El derecho constitucional, al limitar el poder político, organizándolo de modo de


impedir la opresión. El derecho administrativo, trazando límites a los meros
criterios de utilidad y eficiencia a partir de la existencia de los valores
permanentes del derecho, y básicamente, a partir de la necesidad de respeto del
administrado; el derecho penal con sus condicionamientos a la pena (incluso a
través de la fijación de tipos delictivos); el derecho laboral, que trata de igualar
relaciones que de otro modo permitirían un abuso; el derecho civil que exige que
las relaciones entre los contratantes se tracen en situaciones de equilibrio e
igualdad, son expresiones de esta tendencia fundamental de contenido de sentido
del derecho a lo largo de toda la existencia.

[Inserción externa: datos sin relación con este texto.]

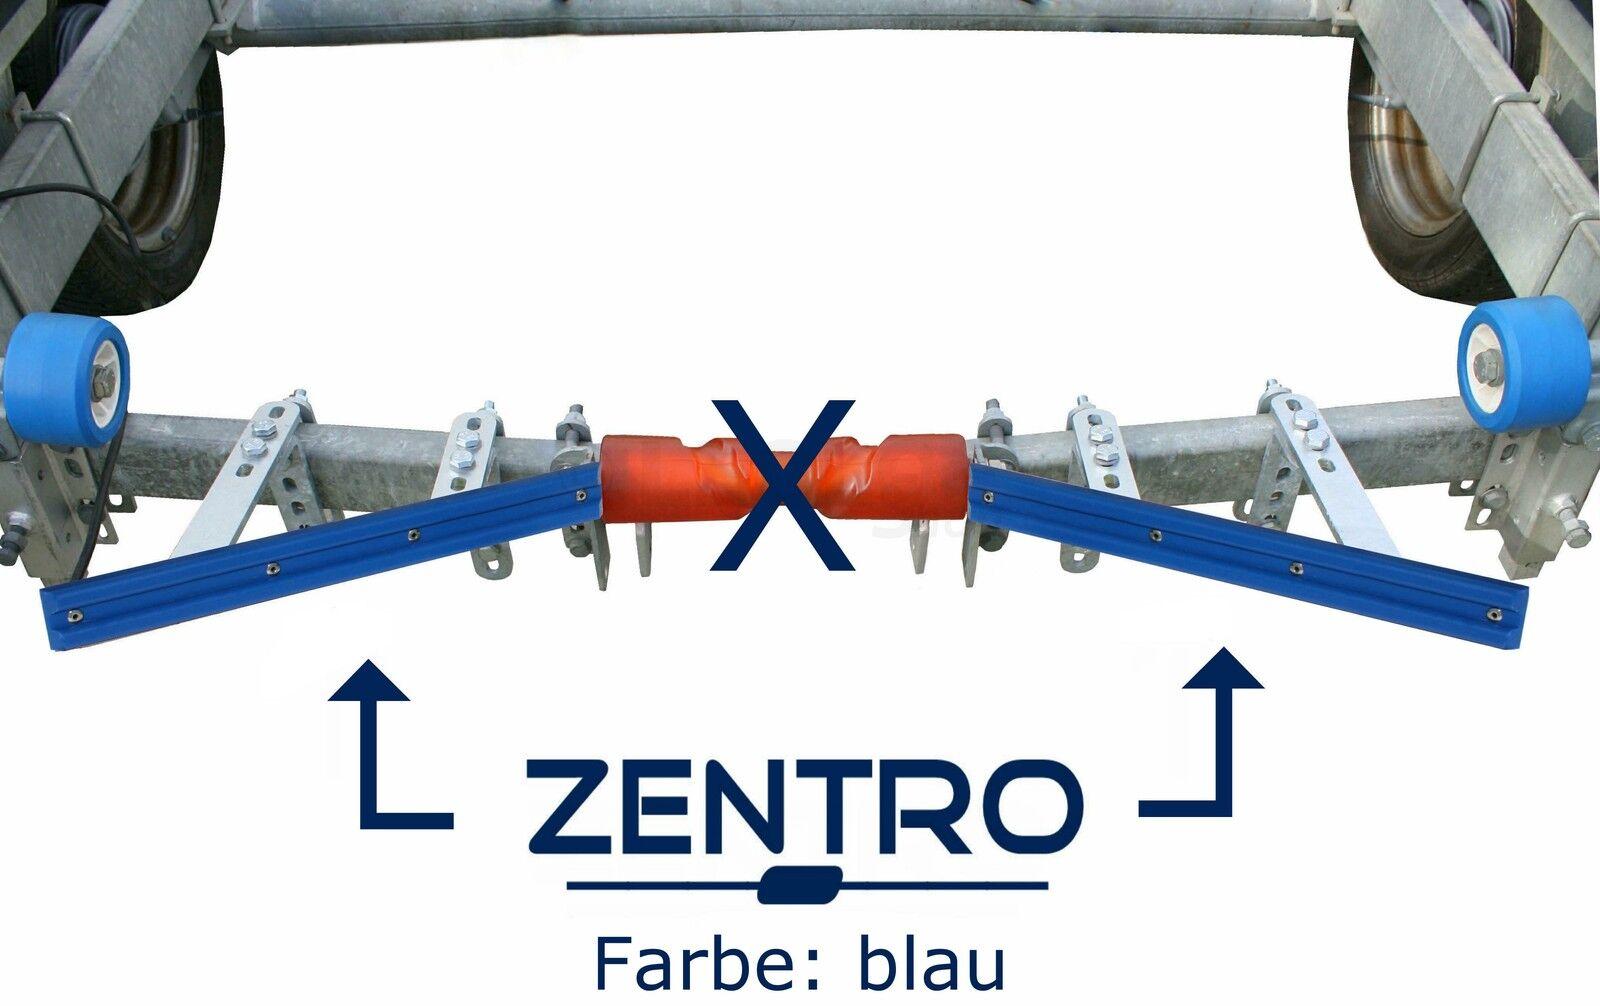 ⚓ Zentrierhilfe Zentriervorrichtung ZENTRO Trailer - blau/rot | Sliphilfe Trailer ZENTRO 73e742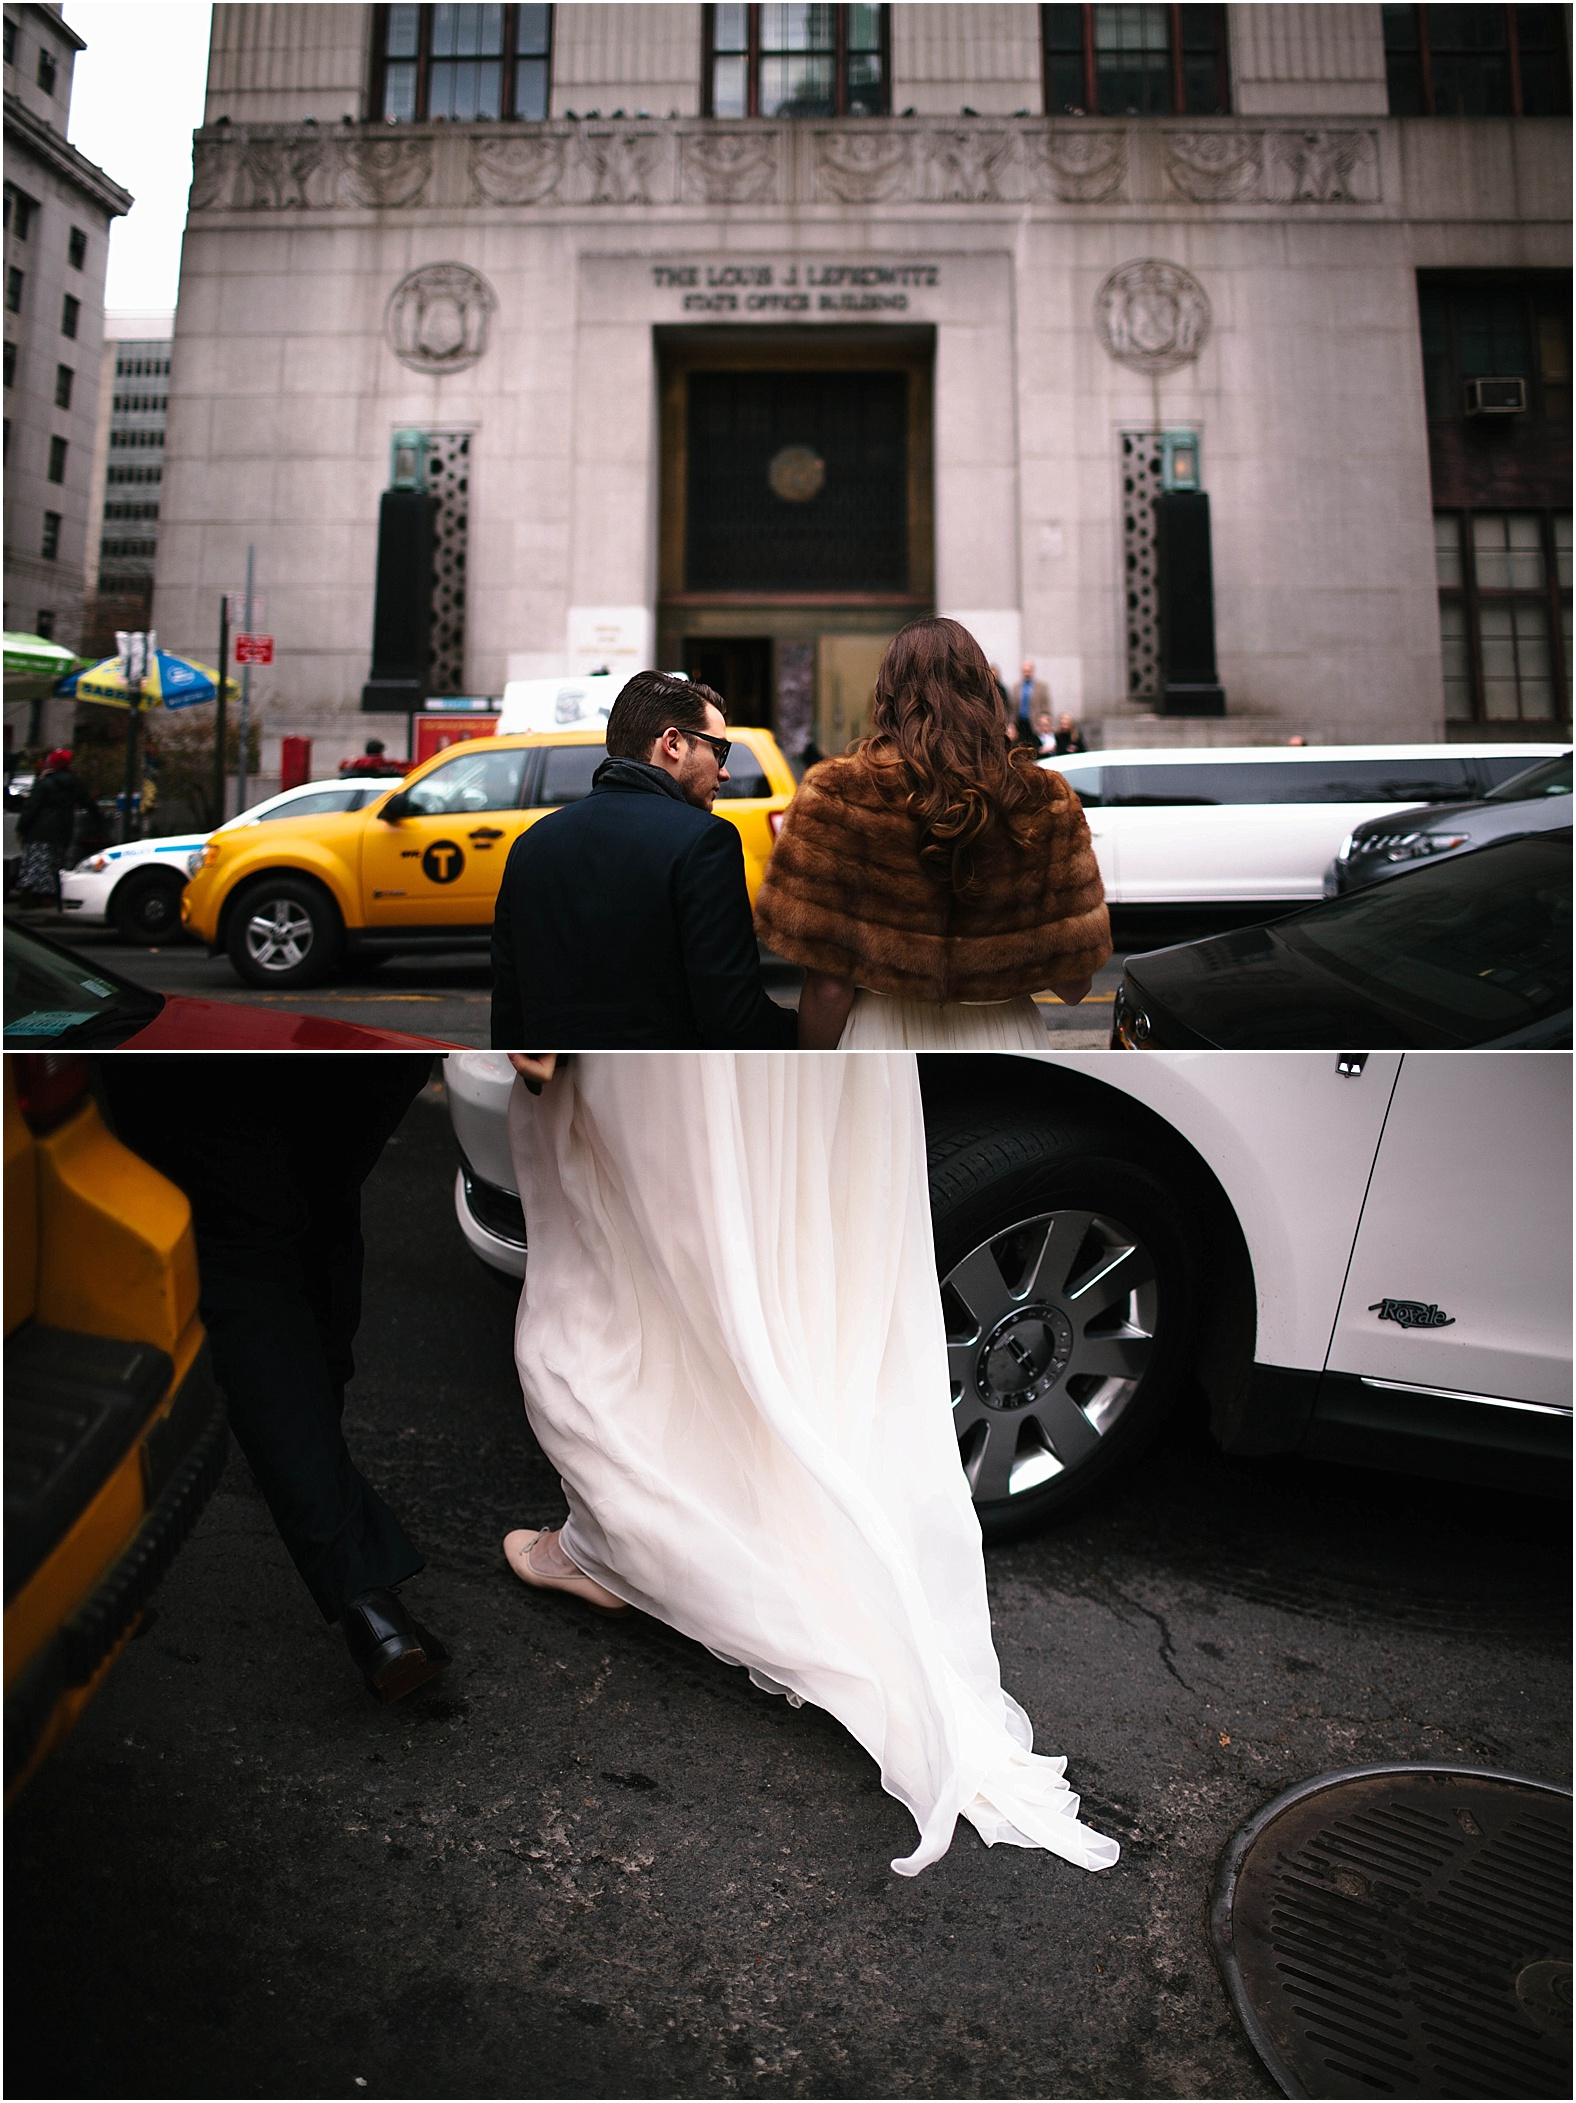 manzanita photo by rebecca caridad internation wedding photogrpaher, colorado wedding photographer, nashville wedding photographer_0610.jpg

El derecho es el orden de la paz, porque es contrario a la violencia, y es el orden


de la seguridad (de la verdadera y humana seguridad), porque está construido en
permanente vigilia frente al poder, a su expansión y a la arbitrariedad, que es el
poder desmesurado, sin límites.
Nuestro país –que ha conocido las dolorosas instancias de la violencia desatada
sin control y del poder expandido hasta extremos de delirio- luego del largo
camino de sus propias penurias, regresa esperanzado al derecho. Esto significa,
entre otras cosas, incorporarse al sentido de la historia del crecimiento del
hombre y de su evolución. Porque a esta altura del desarrollo de la conciencia
moral el hombre sabe que el recíproco respeto es el modo verdadero de orden y
de organización social. Y que cada vez que por error, por el extravío de una
conciencia confundida, asume la violencia como forma de acción política, o el
poder desnudo sin los límites estrictos del derecho, retrocede en la cultura, marca
una claudicación, traza una historia que marcha en el sentido inverso al que le
marca el crecimiento del hombre en la búsqueda de su propia humanidad y de su
trascendencia.

Si la violencia y el poder desmesurados deben ser condenados como


claudicaciones de la cultura, el regreso a la vigencia del derecho, la perpetua y
constante voluntad de hacer de cada acto de la vida de relación una expresión de
respeto recíproco debe ser saludado con entusiasmo, ya que significa recuperar
el perdido sentido de la existencia social, mirar hacia delante, componer la
perspectiva de un futuro que en cuando sea más humano será también más
promisorio.

El derecho, que es el orden de la paz, de la libertad, del trabajo, de la vida, por eso
mismo, se nos abre en este tiempo como un inmenso amanecer. En él habrá que
construir, sin cansancios, el genuino humanismo de una convivencia armoniosa
y la esperanza de un destino más bueno y verdadero.